The pundits were wrong about local number portability (LNP).

Analysts expected droves of consumers to ditch their wireless providers for better deals once LNP rules took effect Nov. 24, but there was no instant mass exodus.

Even so, channel partners likely will find themselves battling higher churn rates and fighting to promote aggressive win-back campaigns in the coming months. TNS Telecom found 27 percent of households with a wireless phone are likely to switch carriers within the next year even without being offered a lower price by a competing provider. When offered a 10 percent discount, the percentage of households likely to switch jumps to 62 percent and to 73 percent for a 20 percent discount.

Discover how LNP affects the way you sell, and how to capitalize on it, during a session today at 11 a.m.

"We have obviously focused on the fact there is number portability," says Fionda LLC Co-founder and Managing Director Ken Rotman, one of the scheduled speakers. "We have been able to focus more on finding the best deal … which we really weren’t free to do because people were really prisoner to their own phone number."

The fact few Americans ditched their mobile provider last fall gave Santa Barbara, Calif.-based Fionda — a master agency for traditional sales reps, affinity groups, government agencies and other organizations — the opportunity to caution its diverse sales network about the risks of switching carriers. Some mobile operators faced great technical problems porting numbers late last year.

"For us to properly serve our clients … we really need to explain what the risks are," Rotman says.

LNP rules took effect last fall in the 100 largest metro areas.

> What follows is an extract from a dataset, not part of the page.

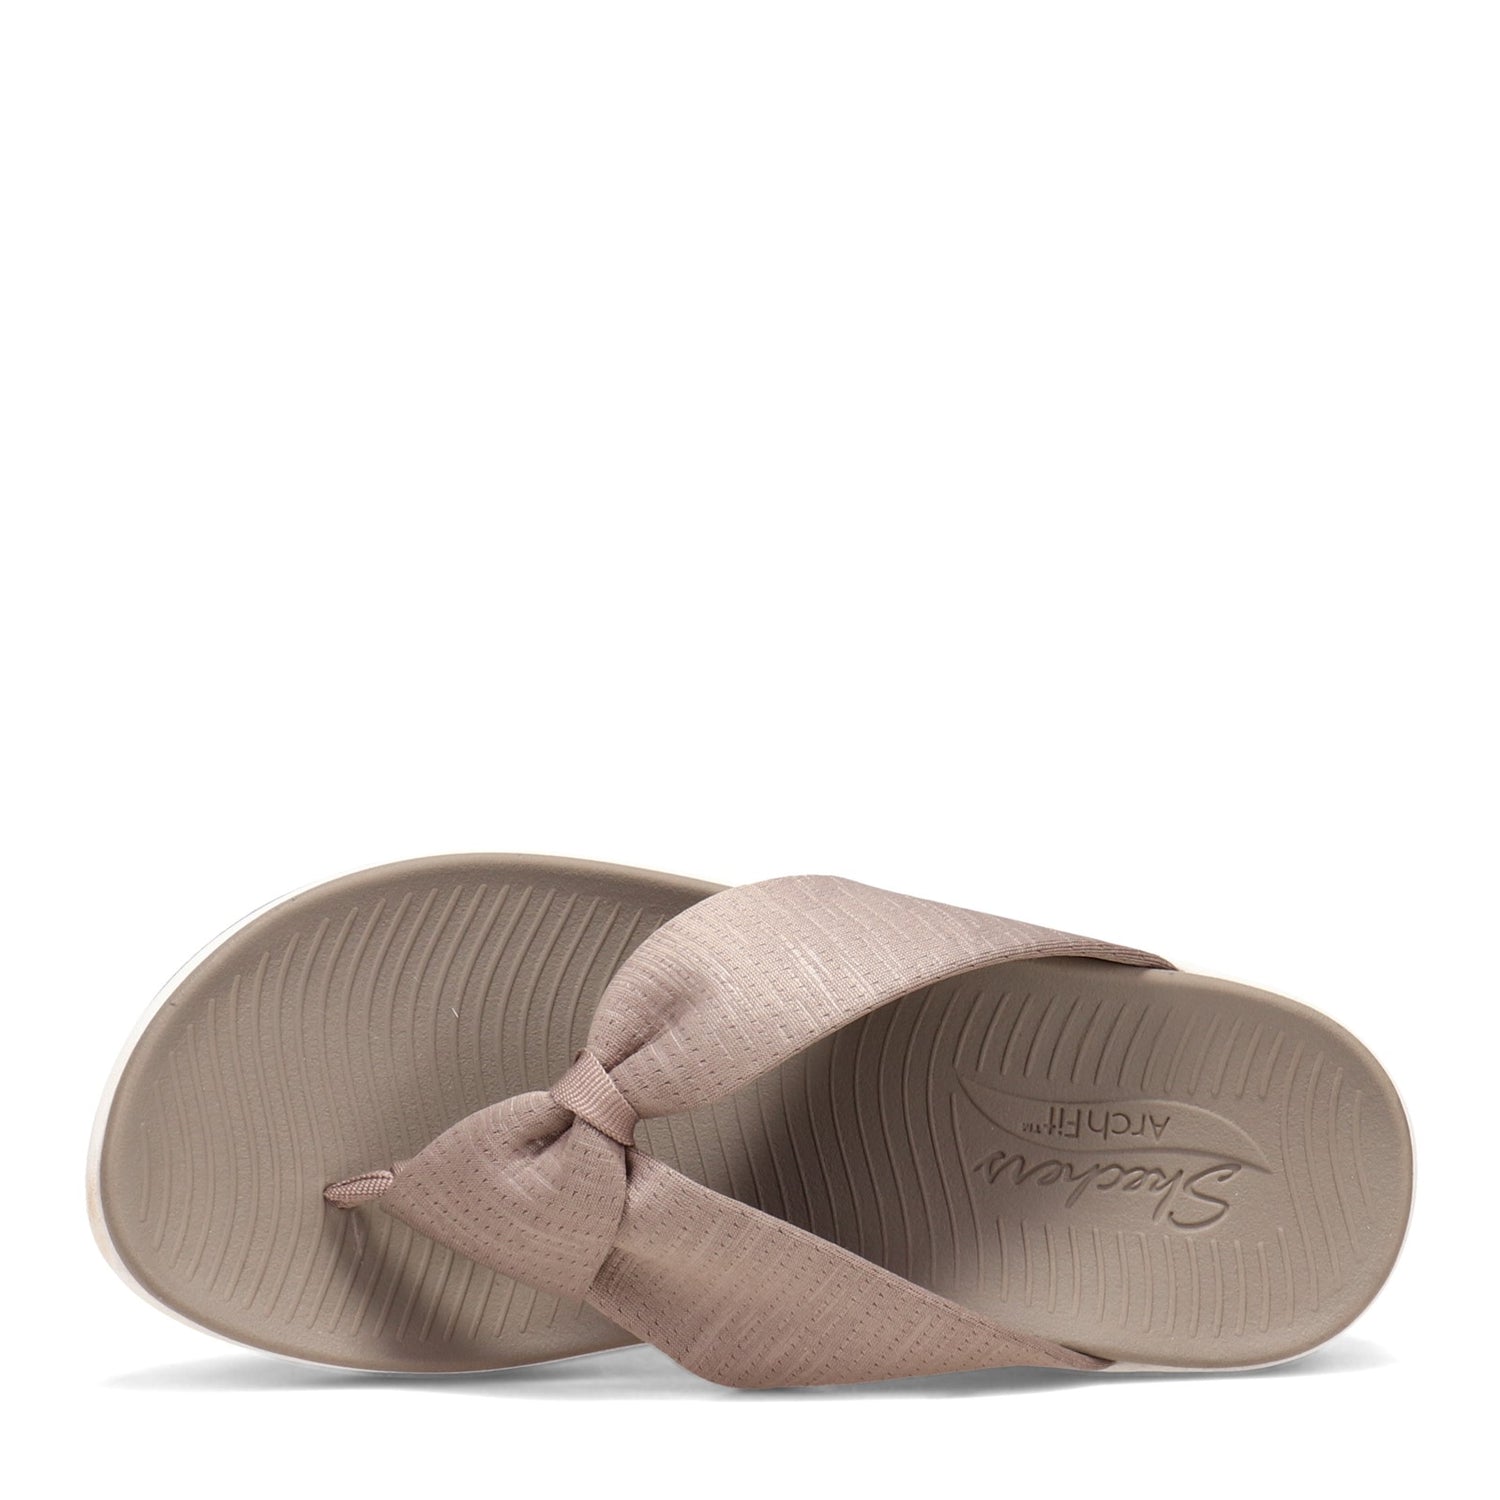 Peltz Shoes  Women's Skechers Arch Fit Sunshine - My Life Sandal Dark Taupe 163312-DKTP

Carriers serving other parts of the country must comply with the FCC regulations in May.

Ralph Widmar, CTO of TMC Communications, says he plans to talk about the history surrounding LNP and the nuts and bolts of how it works during the session. He also plans to discuss other technological issues, such as how Internet-based calling could further complicate number portability. Tim Basa, director, business development, Telegration Inc., is scheduled to join Rotman and Widmar.